Enfin Le vent se lève nous confirme à nouveau que Miyazaki est un des grands maîtres contemporains du film d’animation. Son tremblement de terre n’a rien à envier aux effets spéciaux les plus réussis. Les mouvements sont empreints d’une grâce dont il a le secret, et même si certaines scènes sont franchement kitchs, elles sont une facette de l’univers de Miyazaki qui manquerait sans doute si elle en était retranchée. Quand l’ingénieur italien Giovanni Caproni déclare qu’ « on a 10 ans pour inventer, ensuite, il faut prendre sa retraite », on reconnaît avec regret Hayao Miyazaki, dont le film est à plusieurs égards autobiographique. On comprend aussi que l’adieu est réussi car on n’a pas du tout, du tout envie de le laisser partir.
Elise Levy
Vous avez dit parfait?
L’amour est un crime parfait, de Jean-Marie et Arnaud Larrieu
Certains disent que ce n’est pas la destination qui compte, mais le chemin parcouru. Parfois, ni l’un ni l’autre n’ont d’importance. C’est exactement le cas de ce film, qui parvient à nous ennuyer du début jusqu’à la fin avec une puissance indescriptible. L’histoire nous fait suivre un prof de littérature d’un campus suisse (M. Amalric) très apprécié des étudiantes alors qu’une d’elles disparaît du jour au lendemain. Une enquête s’ouvre, et c’est tout la vie de l’école qui s’en trouve chamboulée.

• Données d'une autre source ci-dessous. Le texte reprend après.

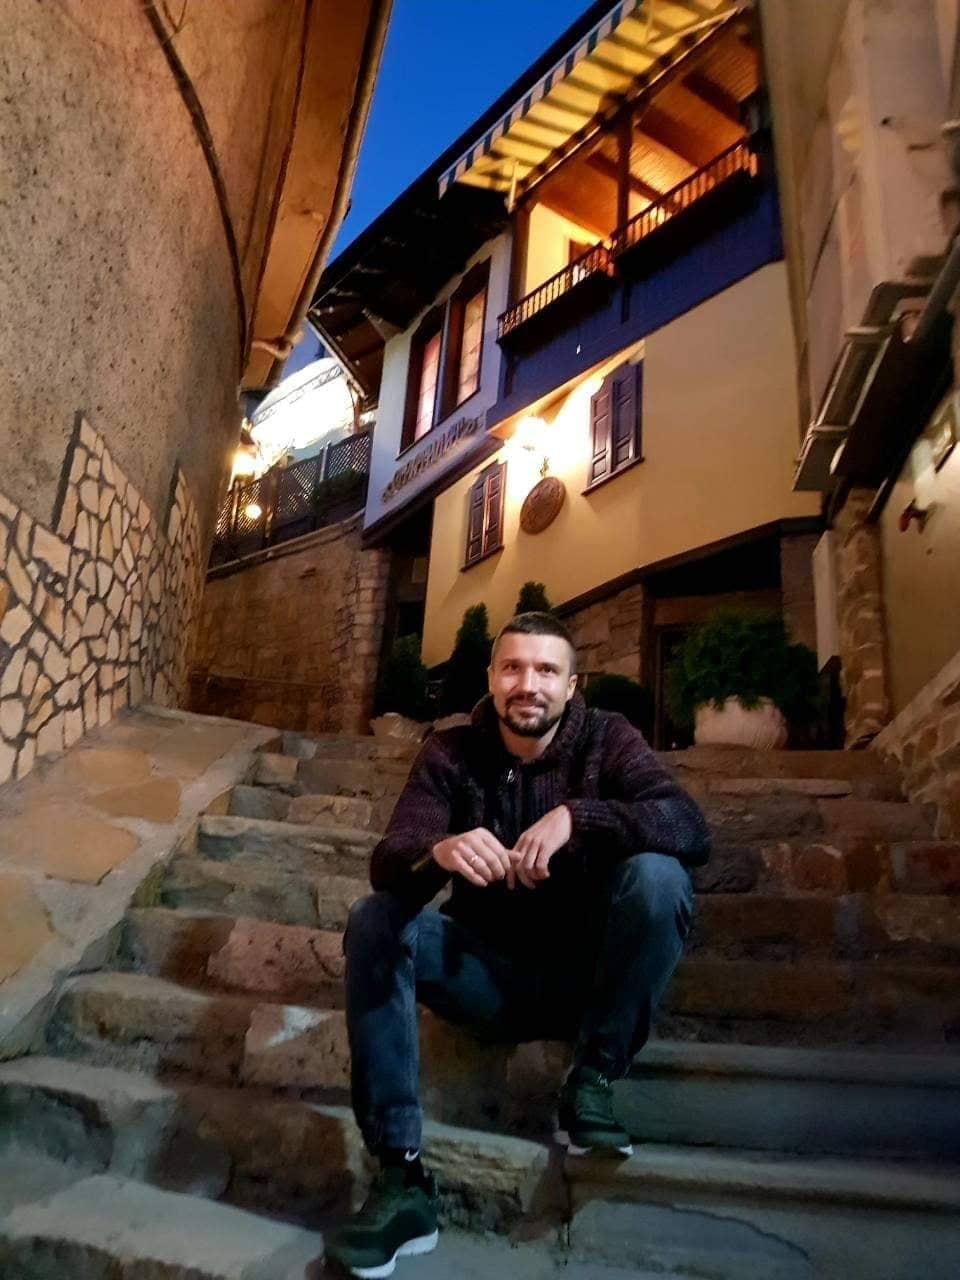 Чи цікавиться молодь політикою: розмова з громадським активістом, героєм Майдану Ігорем Криворучком
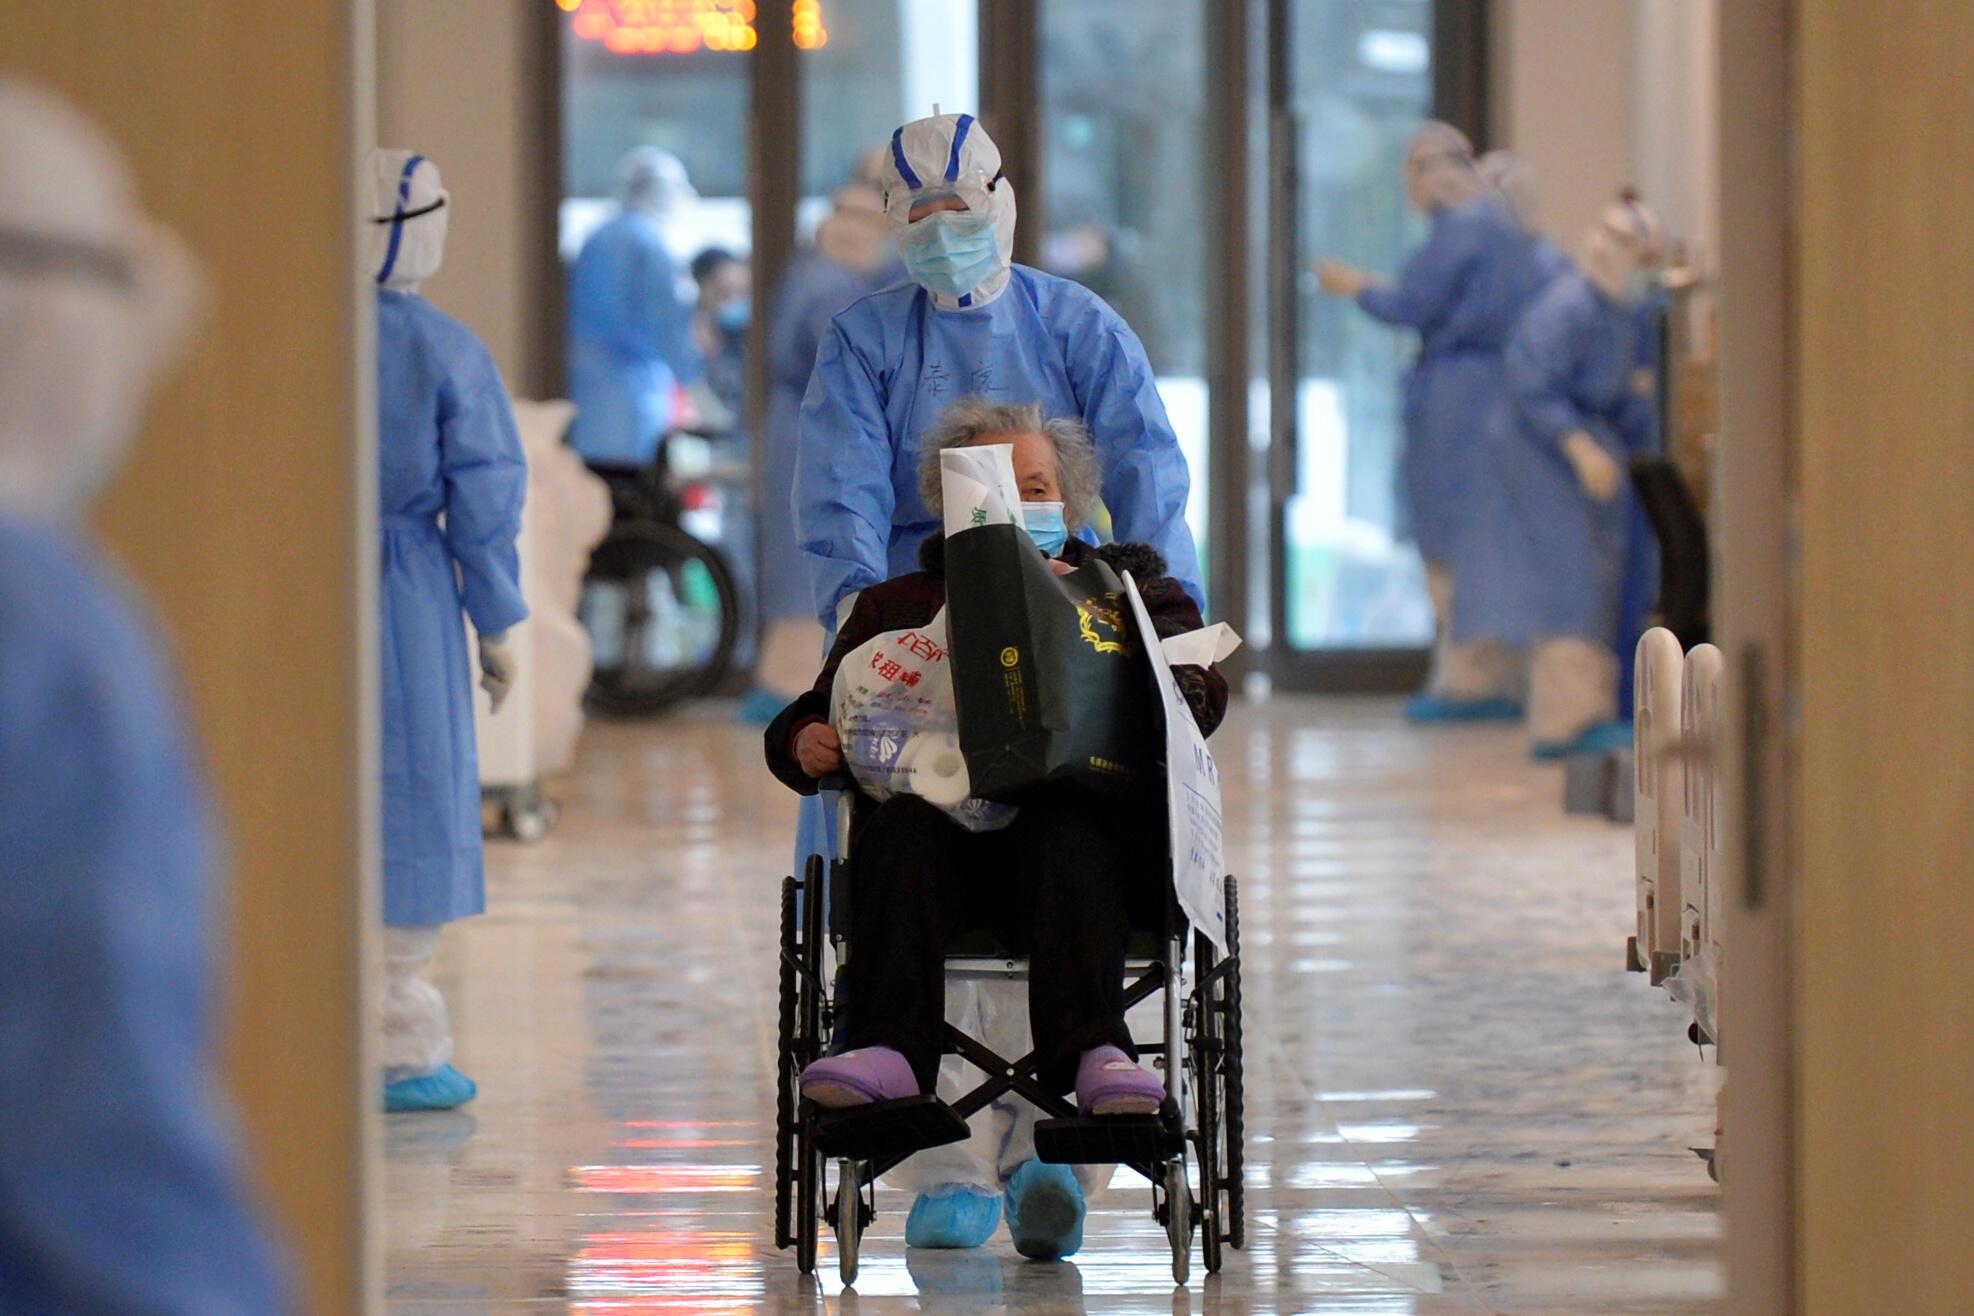 Bệnh nhân nhiễm virus corona được điều trị tại một bệnh viện ở Vũ Hán, Trung Quốc. Ảnh chụp ngày 10/02/2020.

Tout d’abord, parlons des dialogues : écrits en langage soutenu, ils sont totalement déphasés avec le jeu des acteurs. On arrive parfois à des scènes assez lamentables où l’on se demande si Maïwenn ne lit pas un prompteur. On appréciera la prestation d’Amalric, seul acteur crédible qui porte à bout de bras le film. Ensuite, la caméra met mal à l’aise le spectateur par un changement de plan assez déroutant (plan large, puis resserré puis plan épaule). Tout comme les dialogues, on prie pour que l’effet rencontré soit désiré mais on ne peut s’empêcher de voir qu’il y a de l’expérimentation, de l’indécision, du tâtonnement dans le travail des frères Larrieu. Les thèmes abordés tels que la schizophrénie, la bestialité ou même l’inceste sont loin d’être traités pour ne pas dire vaguement cités, laissant soin au spectateur d’interpréter librement des passages très douteux (un extrait d’un film sur le scorpion de Dali, des scènes érotiques entre frère et sœur, etc…). Seul réconfort, la tête de votre voisine viendra se poser sur votre épaule (si la vôtre n’est pas déjà sur la sienne).
On ressort de la salle avec l’impression d’avoir regardé une publicité de 2 heures sur les alpes suisses et Polytechnique Lausanne. Un film qui rejoindra avec justesse le panthéon des bons films français bien chiants.